Tissue specimen processing/staining
Whole bladders and kidneys were removed from augmented animals following euthanasia 10 weeks post-augmentation. Specimens were fixed in a 10% buffered formalin phosphate, dehydrated with exchanges of graduated ethanol, embedded in paraffin, and sectioned onto glass slides at a 5 µm thickness. Slides were deparaffinized with xylenes, graduated ethanol washes, and deionized water. This was followed by an established staining protocol for Masson’s trichrome29. Slides were also independently stained with H&E using an established protocol30. Slides were consecutively deparaffinized with xylenes, dehydrated with ethanol changes and re-hydrated with deionized water. After these steps, slides were stained with H&E, followed by washes with gradient ethanol solutions. Following air drying, a coverslip was placed over the specimen sample and secured with Permaslip (Alban Scientific Inc.). A total of 85 bladders underwent tissue analysis from all experimental groups.
Blood vessel quantification in areas of bladder tissue regeneration
Digitized sample images that were initially stained with Masson’s trichrome were opened with Adobe Photoshop CS3 (Adobe Systems Inc.). These samples were further characterized with a Nikon Eclipse 50i Microscope (Nikon Inc., Melville, NY) and Spot Advanced Imaging Software (Diagnostic Instruments, Sterling Heights, MI) as previously described by our laboratory using established methods29. Utilizing the pen tool in Spot, vessel numbers were quantified based upon n = 10 images per graft in bladder tissue regenerated areas. Individual vessels were manually selected and quantified using the image histogram tool to acquire pixel density for each vessel. Data is represented as mean number of vessels/mm2 (means ± SE).
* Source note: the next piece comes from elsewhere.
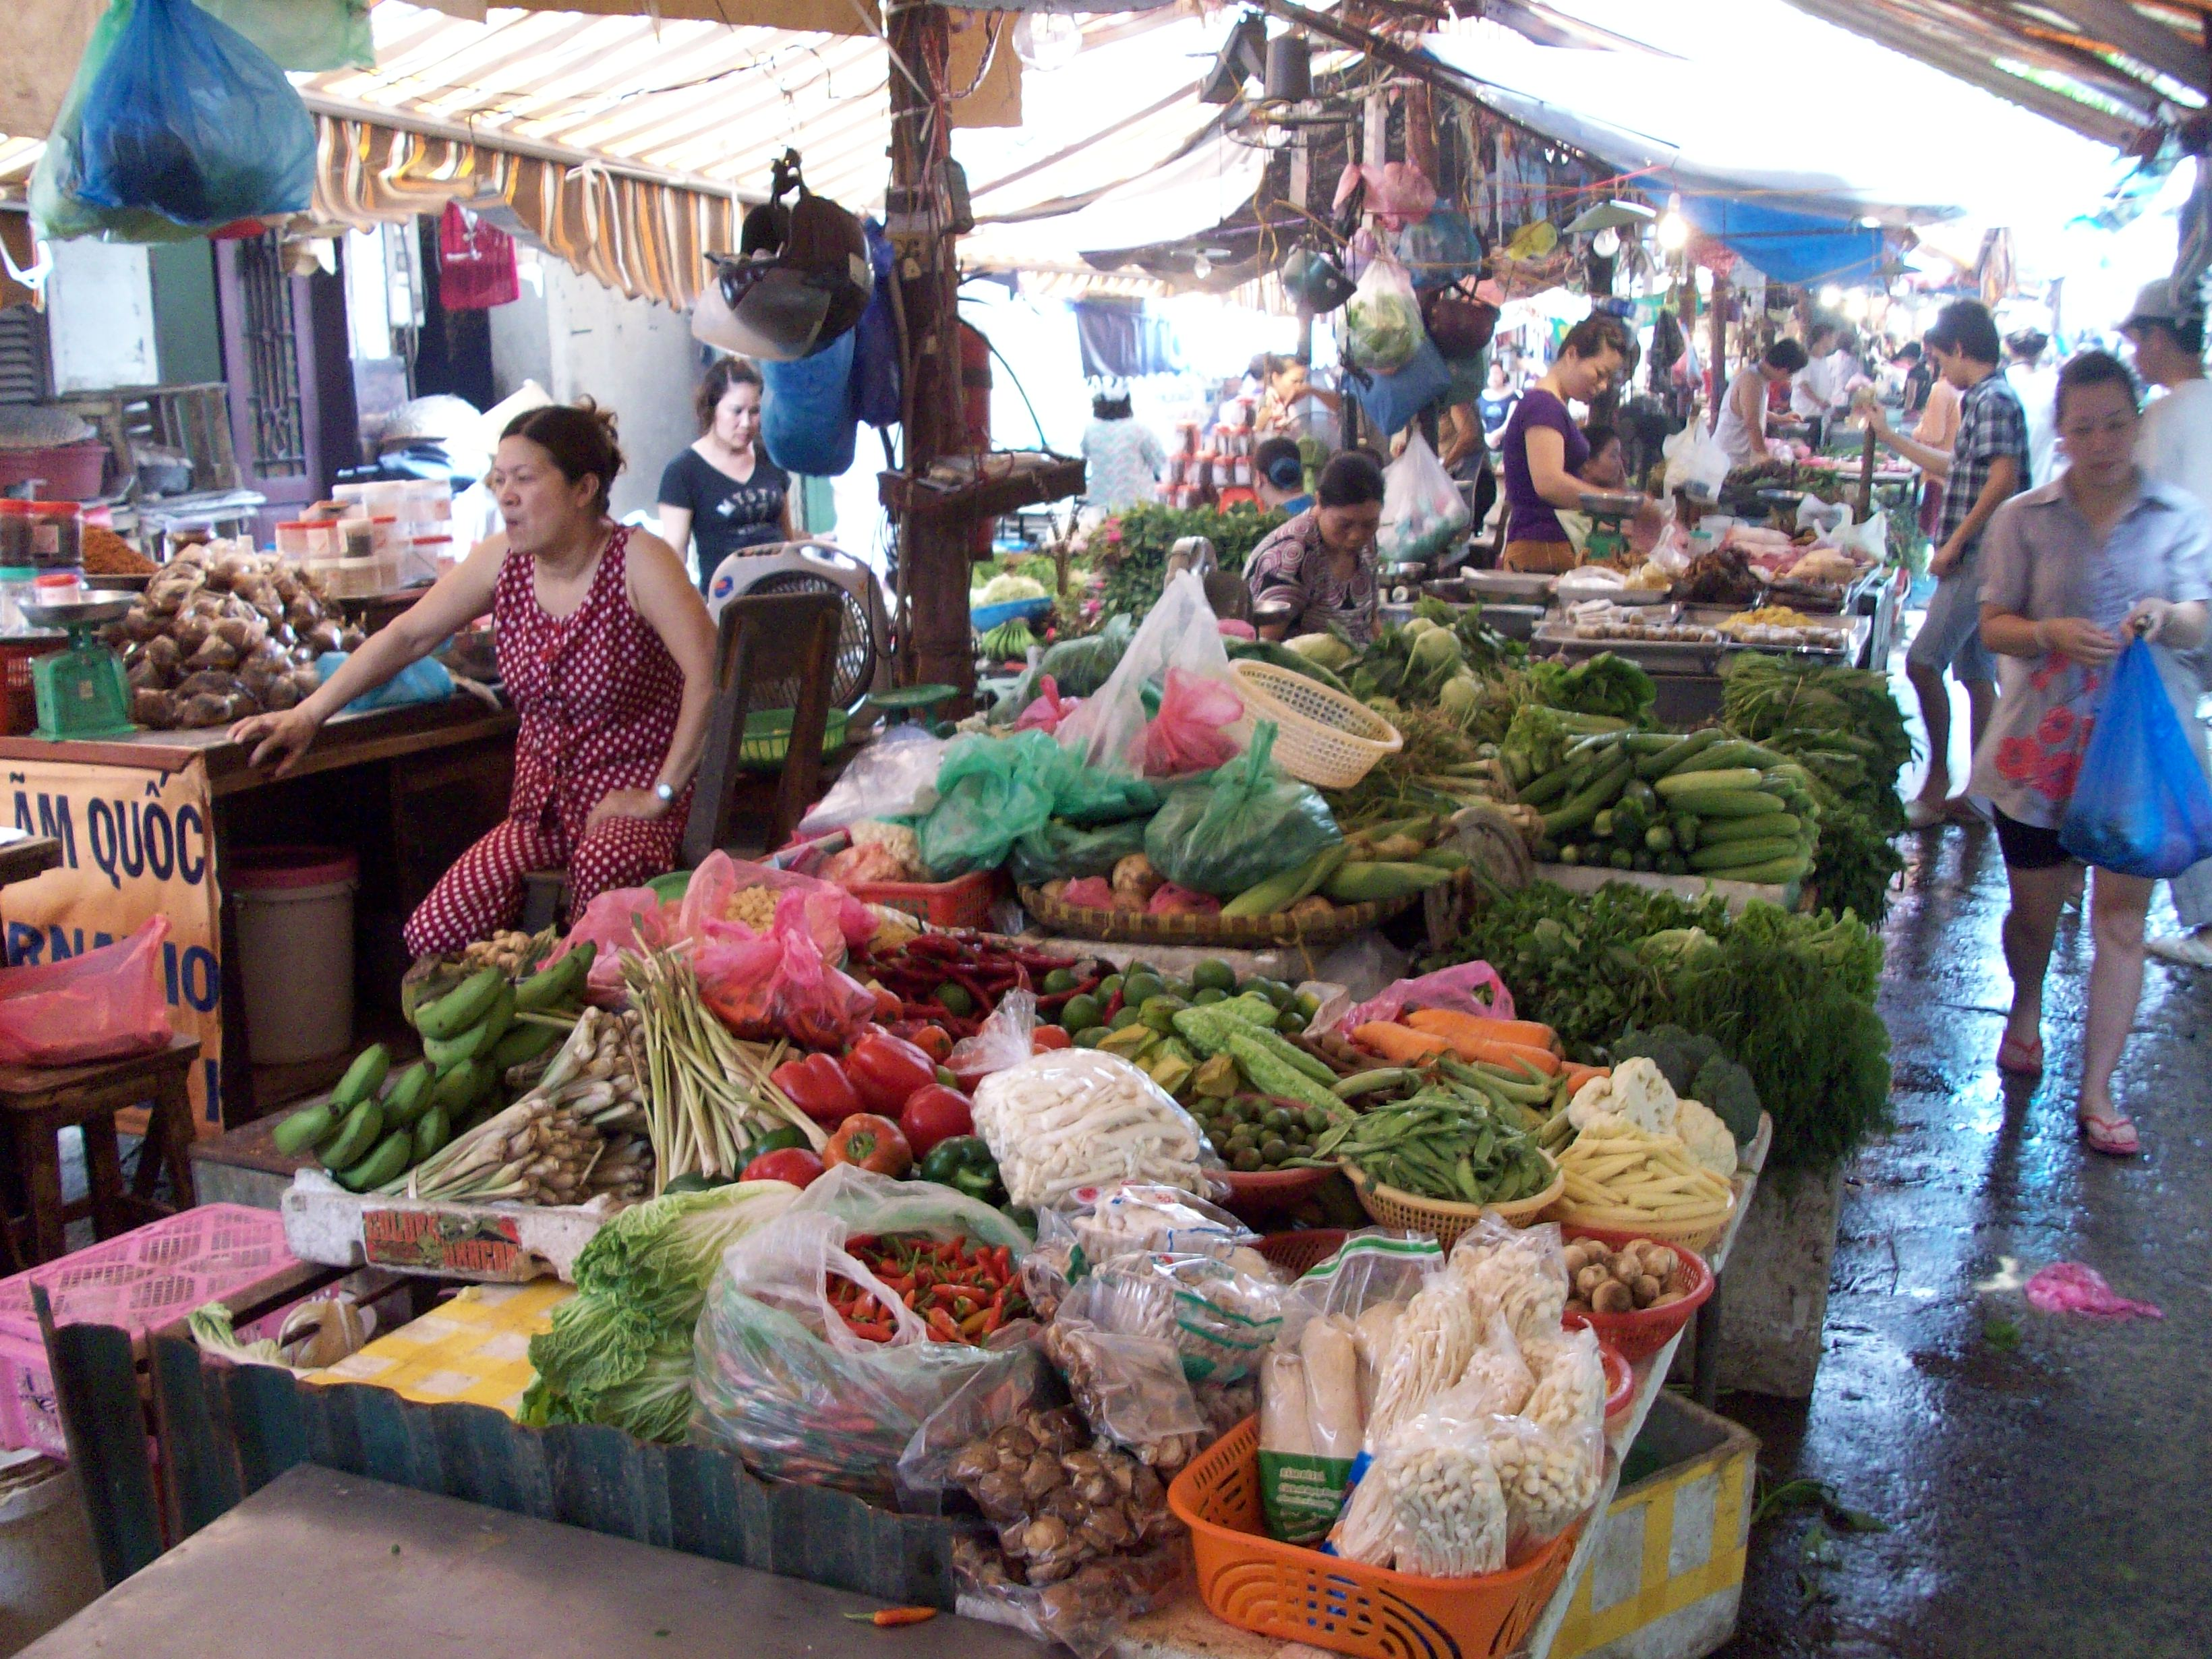 Vietnamissa tuotteiden laatua yritetään jatkuvasti parantaa ja varmistaa, että kotimaiset tuottajat ja kauppiaat eivät jää ulkomaisten investoijien jalkoihin. Kuva: Flickr/David Brewer

Bladder stone evaluation and kidney evaluation
The presence/absence of bladder stones was noted visually immediately following euthanasia. Stones present in the bladder were manually counted and subsequently a total stone burden (TSB; volumetric sum of stones) was derived for each S+ (stone positive) animal. Kidney cross sections were stained with H&E and digitally imaged utilizing a Nikon Eclipse 50i Microscope for S+ and S− (stone negative) animals. 4X images were opened and using the calibrated area tool on Spot Advanced Imaging Software the area of renal pelvic dilation (RPD) was identified and measured (in mm2). 3 images/sample. Degrees of kidney hydronephrosis were subjectively determined by a trained urologist (YYC).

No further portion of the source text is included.